By analyzing existing cross correlation between Sysco and Zhihu Inc ADR, you can compare the effects of market volatilities on Sysco and Zhihu and check how they will diversify away market risk if combined in the same portfolio for a given time horizon. You can also utilize pair trading strategies of matching a long position in Sysco with a short position of Zhihu. Check out your portfolio center. Please also check ongoing floating volatility patterns of Sysco and Zhihu.

Diversification Opportunities for Sysco and Zhihu

0.05
  Correlation Coefficient

Significant diversification

The 3 months correlation between Sysco and Zhihu is 0.05. Overlapping area represents the amount of risk that can be diversified away by holding Sysco and Zhihu Inc ADR in the same portfolio, assuming nothing else is changed. The correlation between historical prices or returns on Zhihu Inc ADR and Sysco is a relative statistical measure of the degree to which these equity instruments tend to move together. The correlation coefficient measures the extent to which returns on Sysco are associated (or correlated) with Zhihu. Values of the correlation coefficient range from -1 to +1, where. The correlation of zero (0) is possible when the price movement of Zhihu Inc ADR has no effect on the direction of Sysco i.e., Sysco and Zhihu go up and down completely randomly.

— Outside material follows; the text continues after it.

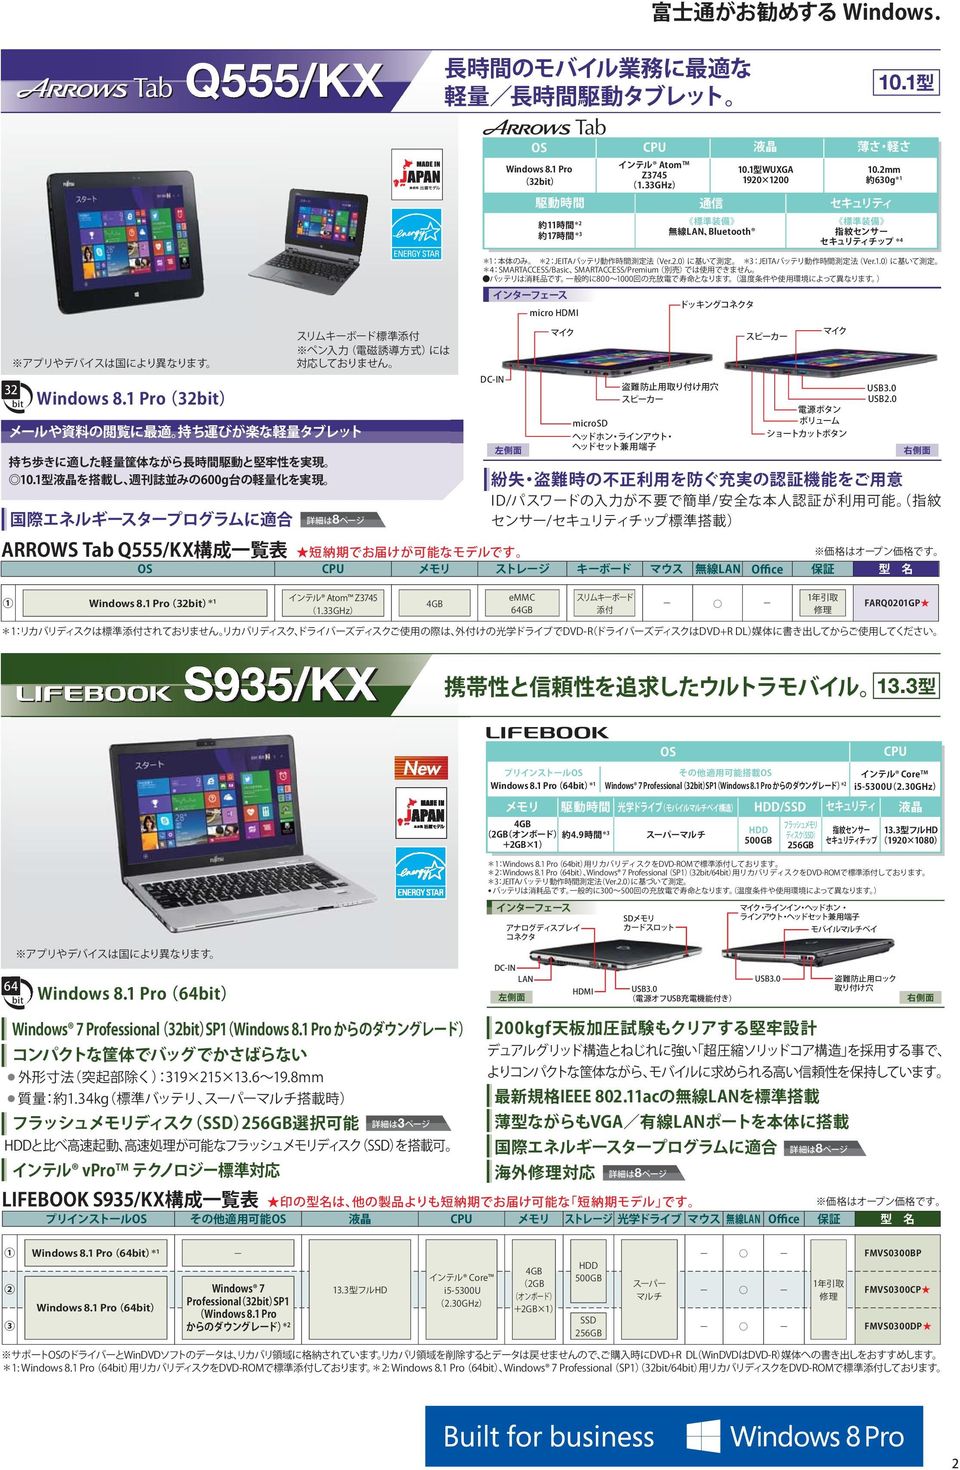 S935/KX

Pair Corralation between Sysco and Zhihu

Considering the 90-day investment horizon Sysco is expected to generate 0.32 times more return on investment than Zhihu. However, Sysco is 3.13 times less risky than Zhihu. It trades about -0.63 of its potential returns per unit of risk. Zhihu Inc ADR is currently generating about -0.32 per unit of risk. If you would invest  8,052  in Sysco on October 10, 2024 and sell it today you would lose (597.00) from holding Sysco or give up 7.41% of portfolio value over 90 days.
Time Period3 Months [change]
DirectionMoves Together 
StrengthInsignificant
Accuracy100.0%
ValuesDaily Returns

Sysco  vs.  Zhihu Inc ADR

 Performance 
       Timeline  
Sysco 

Risk-Adjusted Performance

2 of 100

 
Weak
 
Strong
Weak
Compared to the overall equity markets, risk-adjusted returns on investments in Sysco are ranked lower than 2 (%) of all global equities and portfolios over the last 90 days. In spite of fairly strong basic indicators, Sysco is not utilizing all of its potentials. The latest stock price disturbance, may contribute to short-term losses for the investors.
Zhihu Inc ADR 

Risk-Adjusted Performance

0 of 100

 
Weak
 
Strong
Very Weak
Over the last 90 days Zhihu Inc ADR has generated negative risk-adjusted returns adding no value to investors with long positions. Despite latest unfluctuating performance, the Stock's technical indicators remain strong and the recent confusion on Wall Street may also be a sign of long-lasting gains for the firm traders.

Sysco and Zhihu Volatility Contrast

   Predicted Return Density   
       Returns  

Pair Trading with Sysco and Zhihu

The main advantage of trading using opposite Sysco and Zhihu positions is that it hedges away some unsystematic risk. Because of two separate transactions, even if Sysco position performs unexpectedly, Zhihu can make up some of the losses. Pair trading also minimizes risk from directional movements in the market. For example, if an entire industry or sector drops because of unexpected headlines, the short position in Zhihu will offset losses from the drop in Zhihu's long position.
The idea behind Sysco and Zhihu Inc ADR pairs trading is to make the combined position market-neutral, meaning the overall market's direction will not affect its win or loss (or potential downside or upside). This can be achieved by designing a pairs trade with two highly correlated stocks or equities that operate in a similar space or sector, making it possible to obtain profits through simple and relatively low-risk investment.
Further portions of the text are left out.